• Problem requirements: All lines below starting at the one that holds "Ozzzo - Chargeur" and ending at the one that holds "Bing Uralt Auto" should be printed exactly, ends included. Pictures should not be printed, nor anything else.

• Material shown:
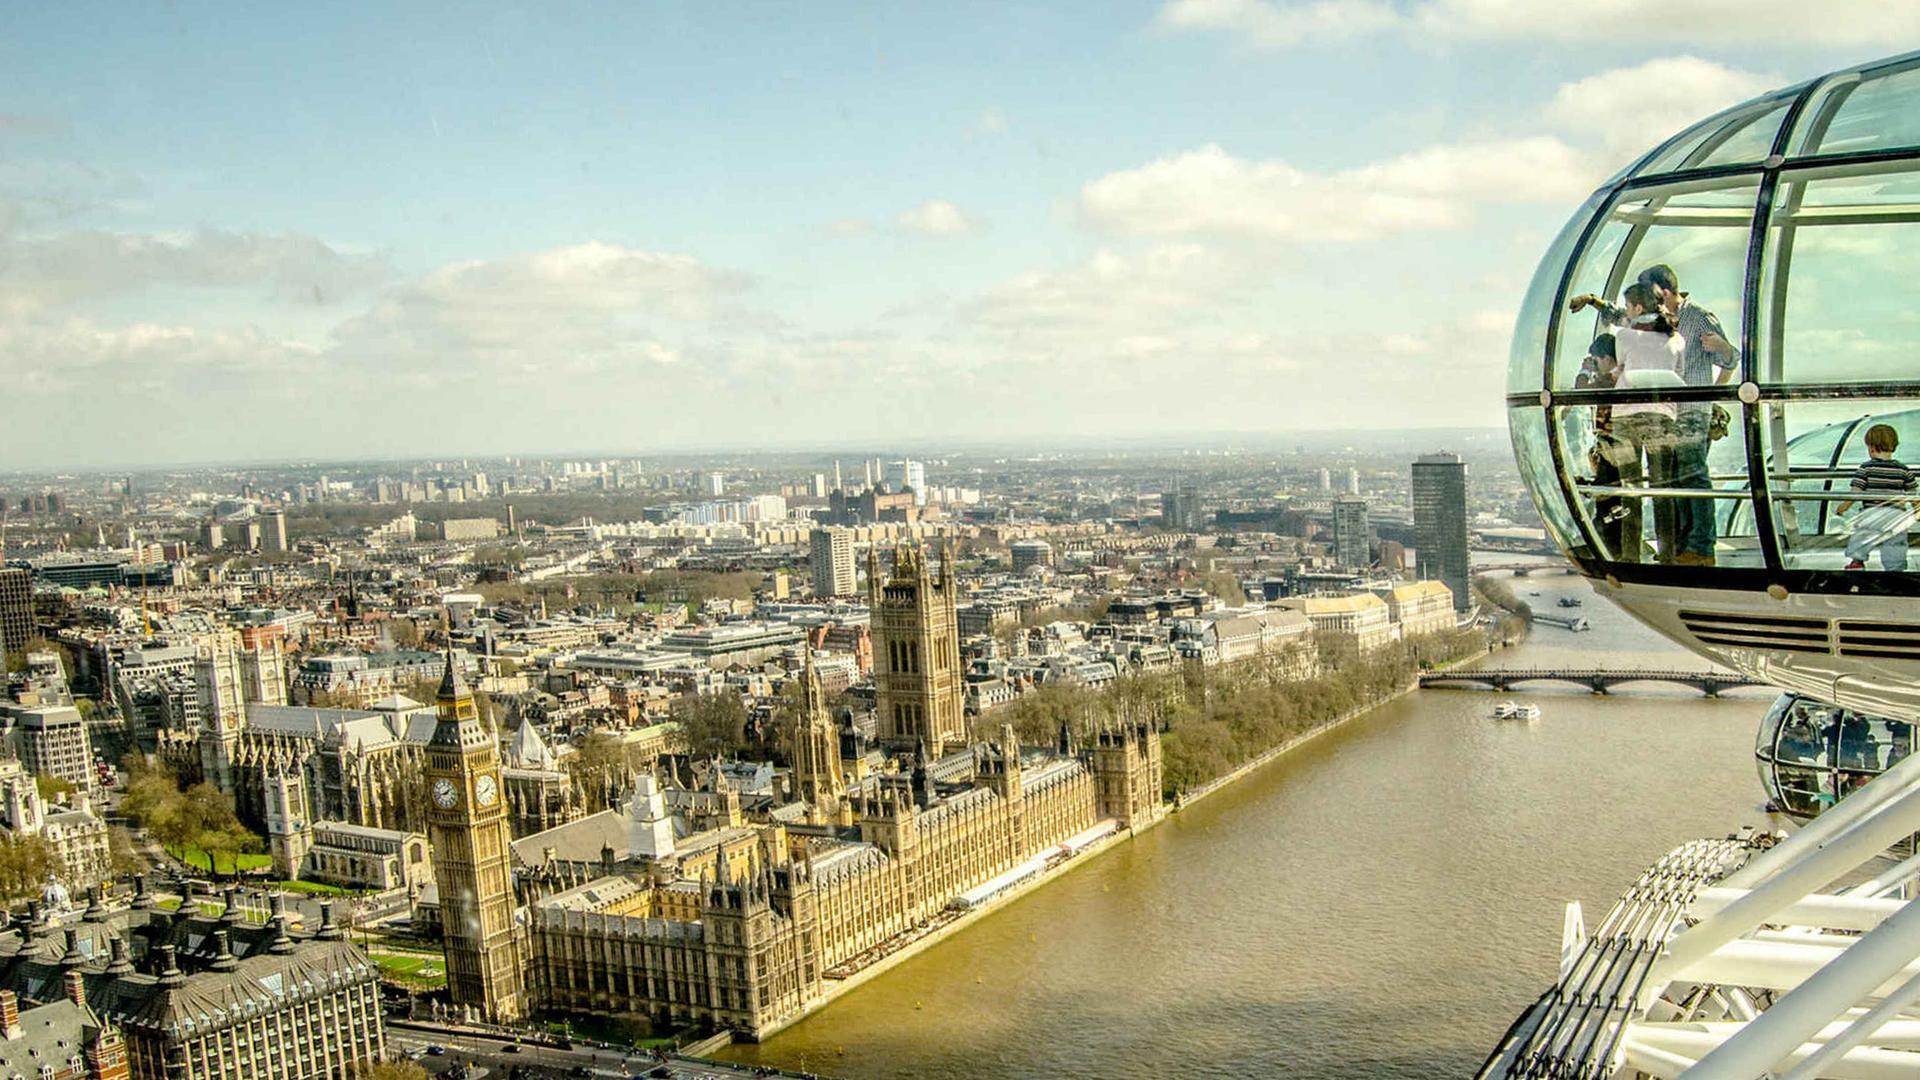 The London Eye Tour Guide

--

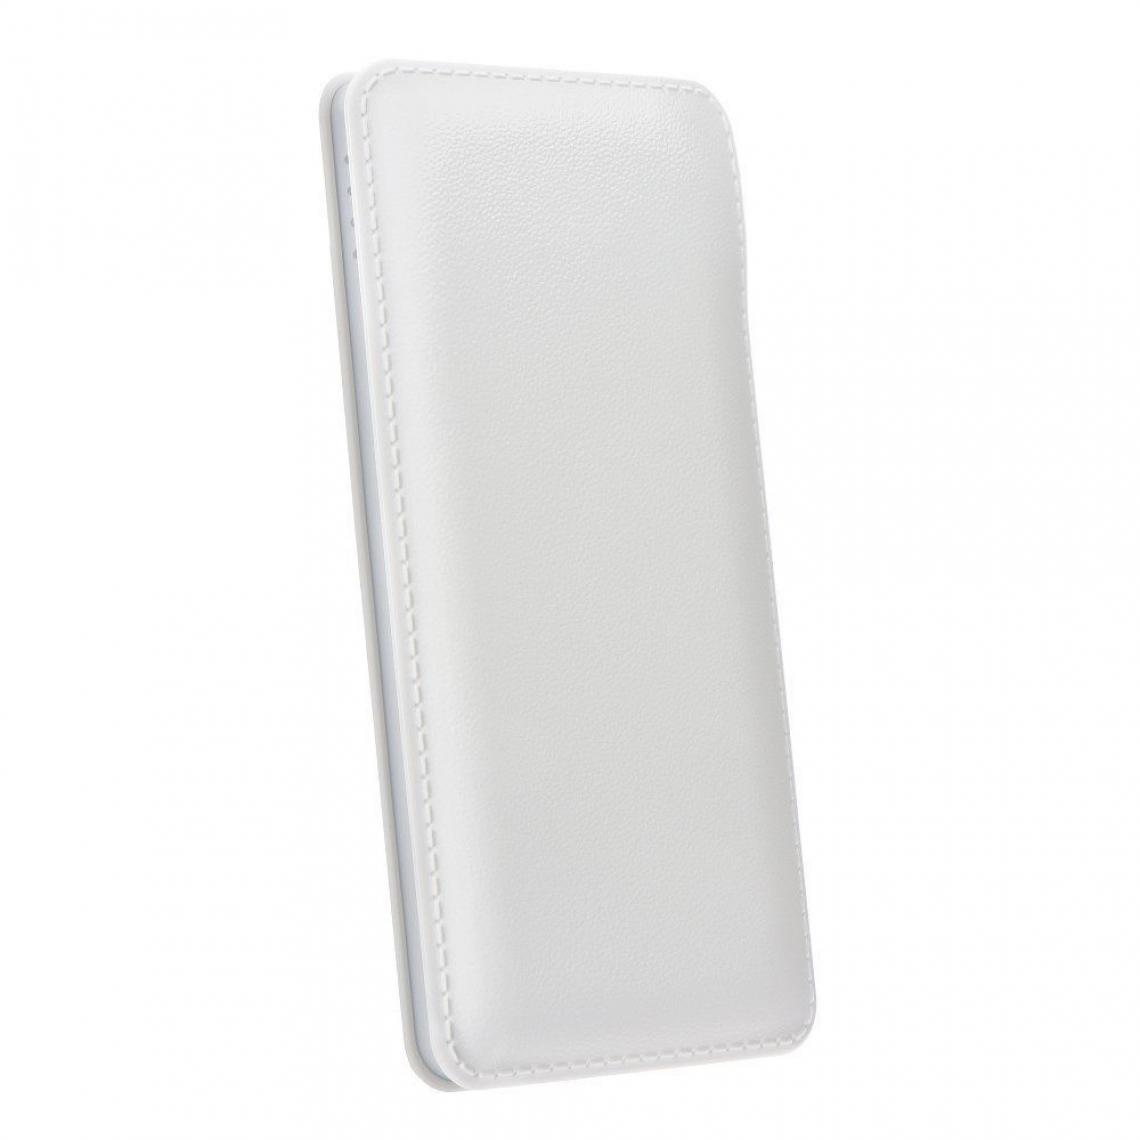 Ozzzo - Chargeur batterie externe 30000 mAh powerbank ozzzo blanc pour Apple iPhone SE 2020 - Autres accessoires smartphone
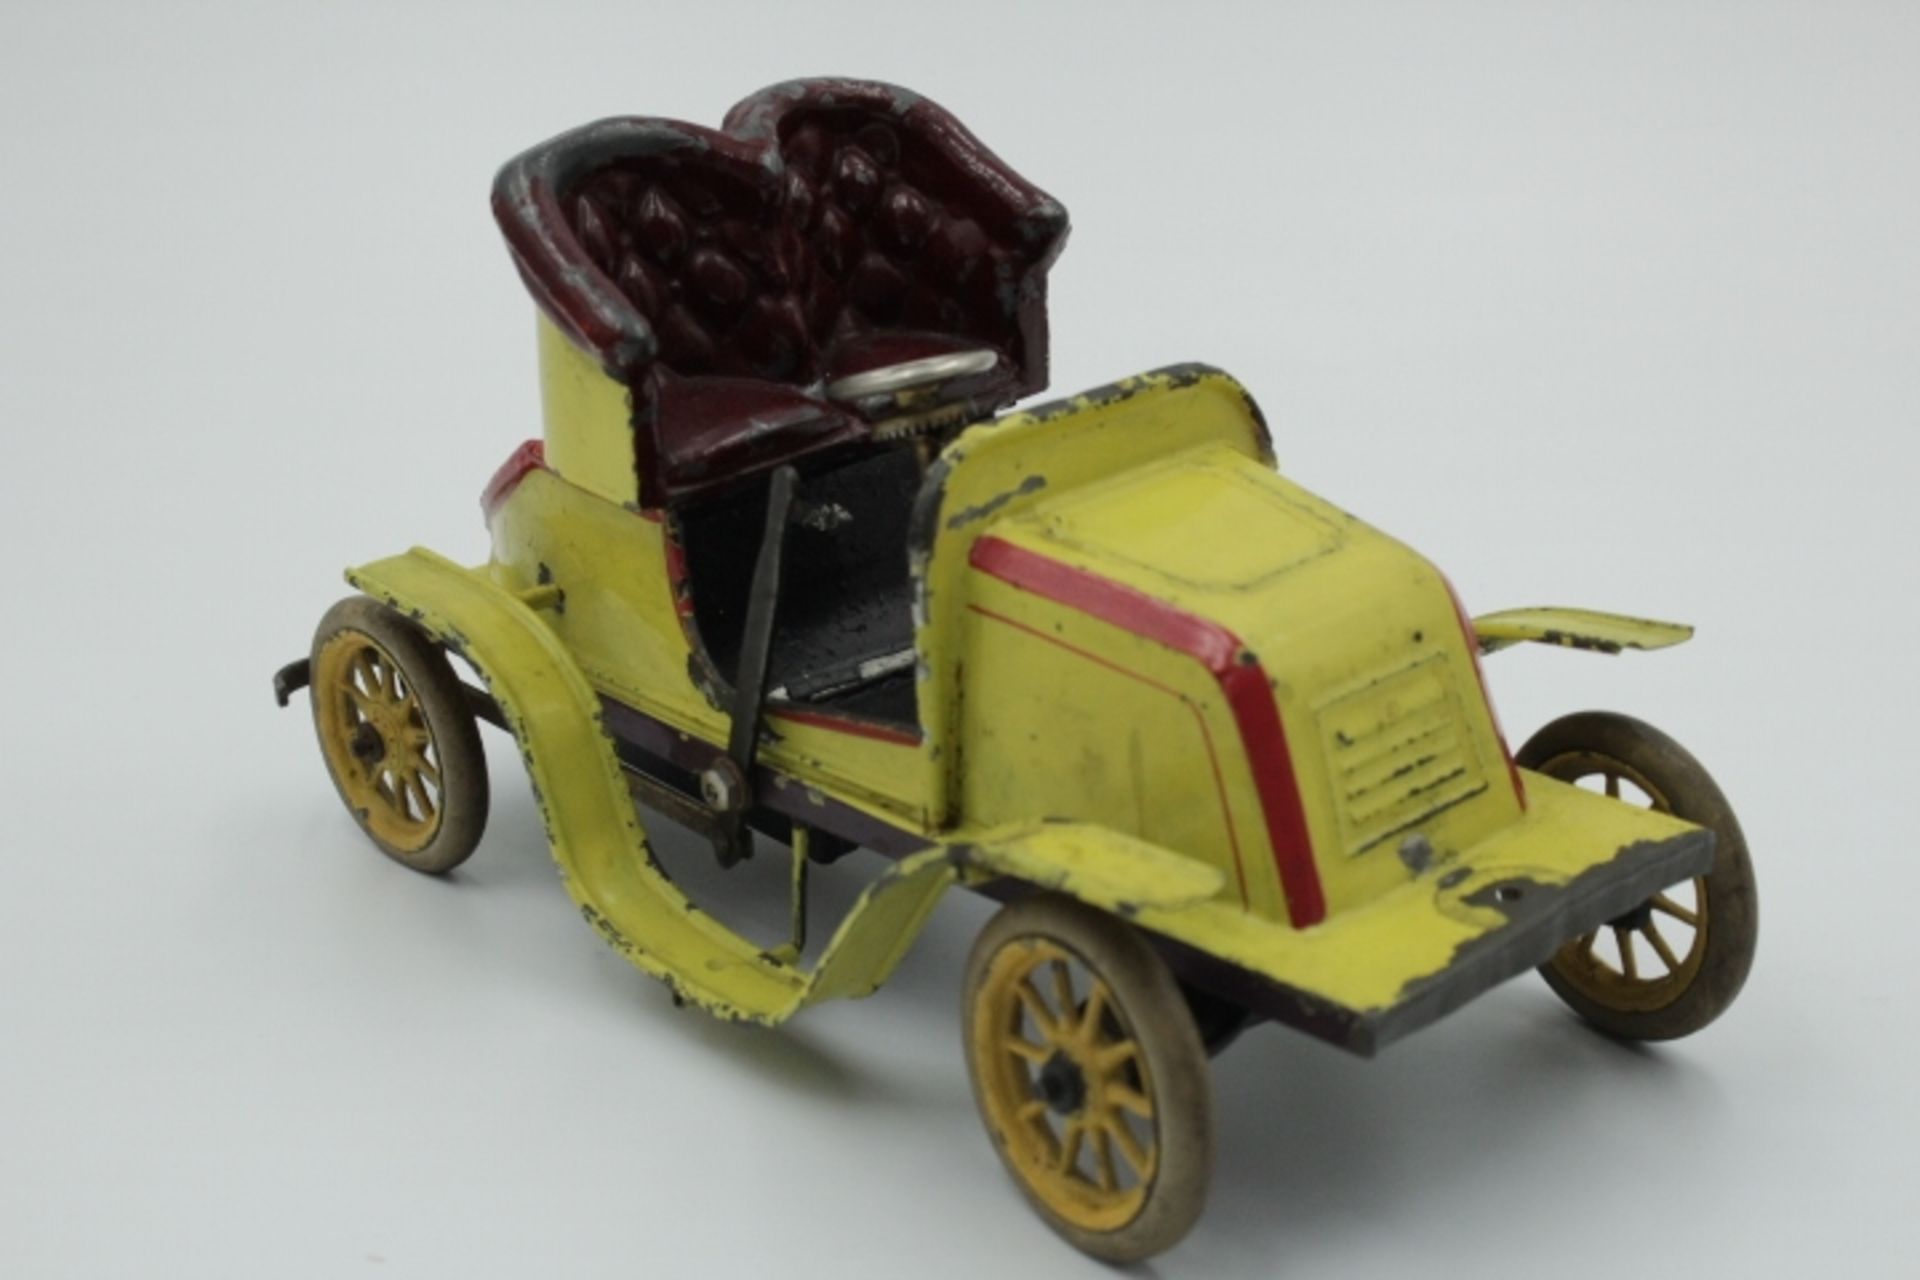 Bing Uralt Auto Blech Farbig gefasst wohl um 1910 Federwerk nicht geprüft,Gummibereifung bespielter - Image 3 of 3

--

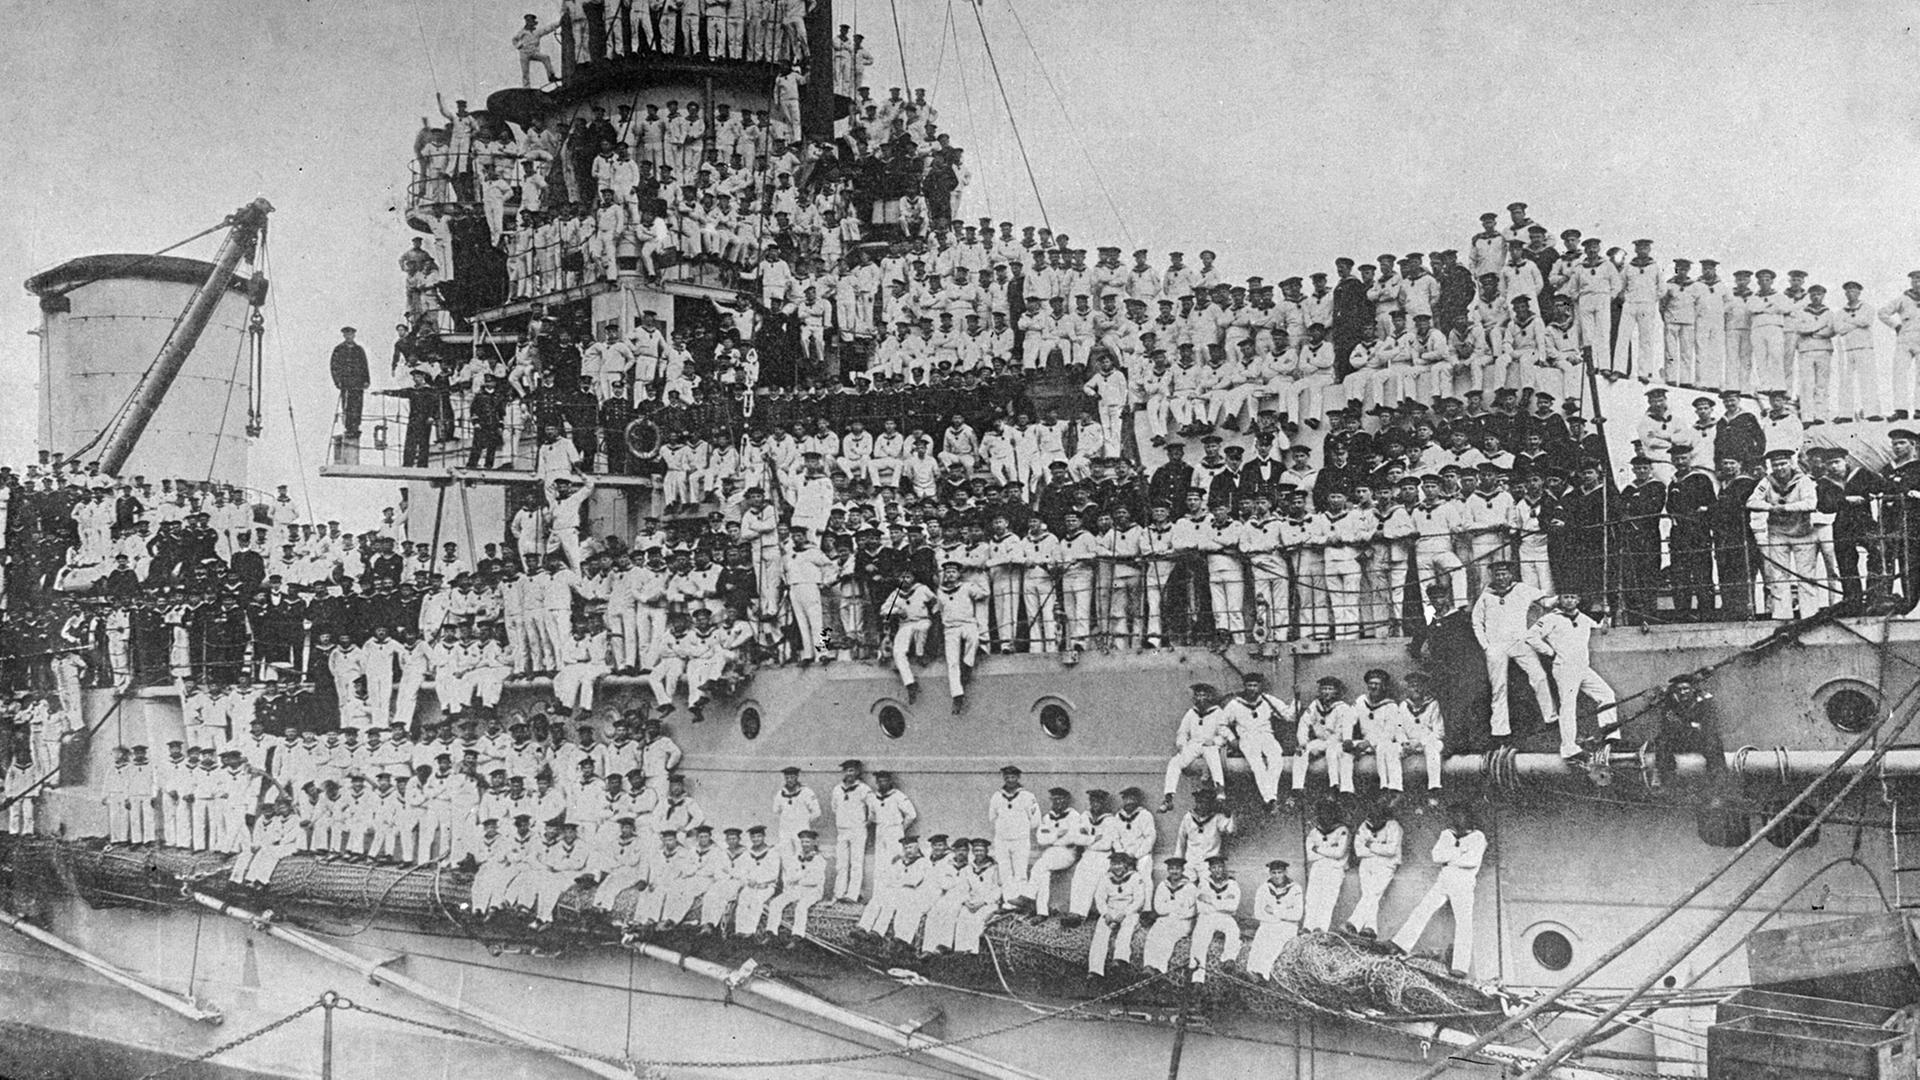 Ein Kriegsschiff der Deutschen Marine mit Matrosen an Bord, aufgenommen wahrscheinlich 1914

• Final answer:
 Ozzzo - Chargeur batterie externe 30000 mAh powerbank ozzzo blanc pour Apple iPhone SE 2020 - Autres accessoires smartphone
 Bing Uralt Auto Blech Farbig gefasst wohl um 1910 Federwerk nicht geprüft,Gummibereifung bespielter - Image 3 of 3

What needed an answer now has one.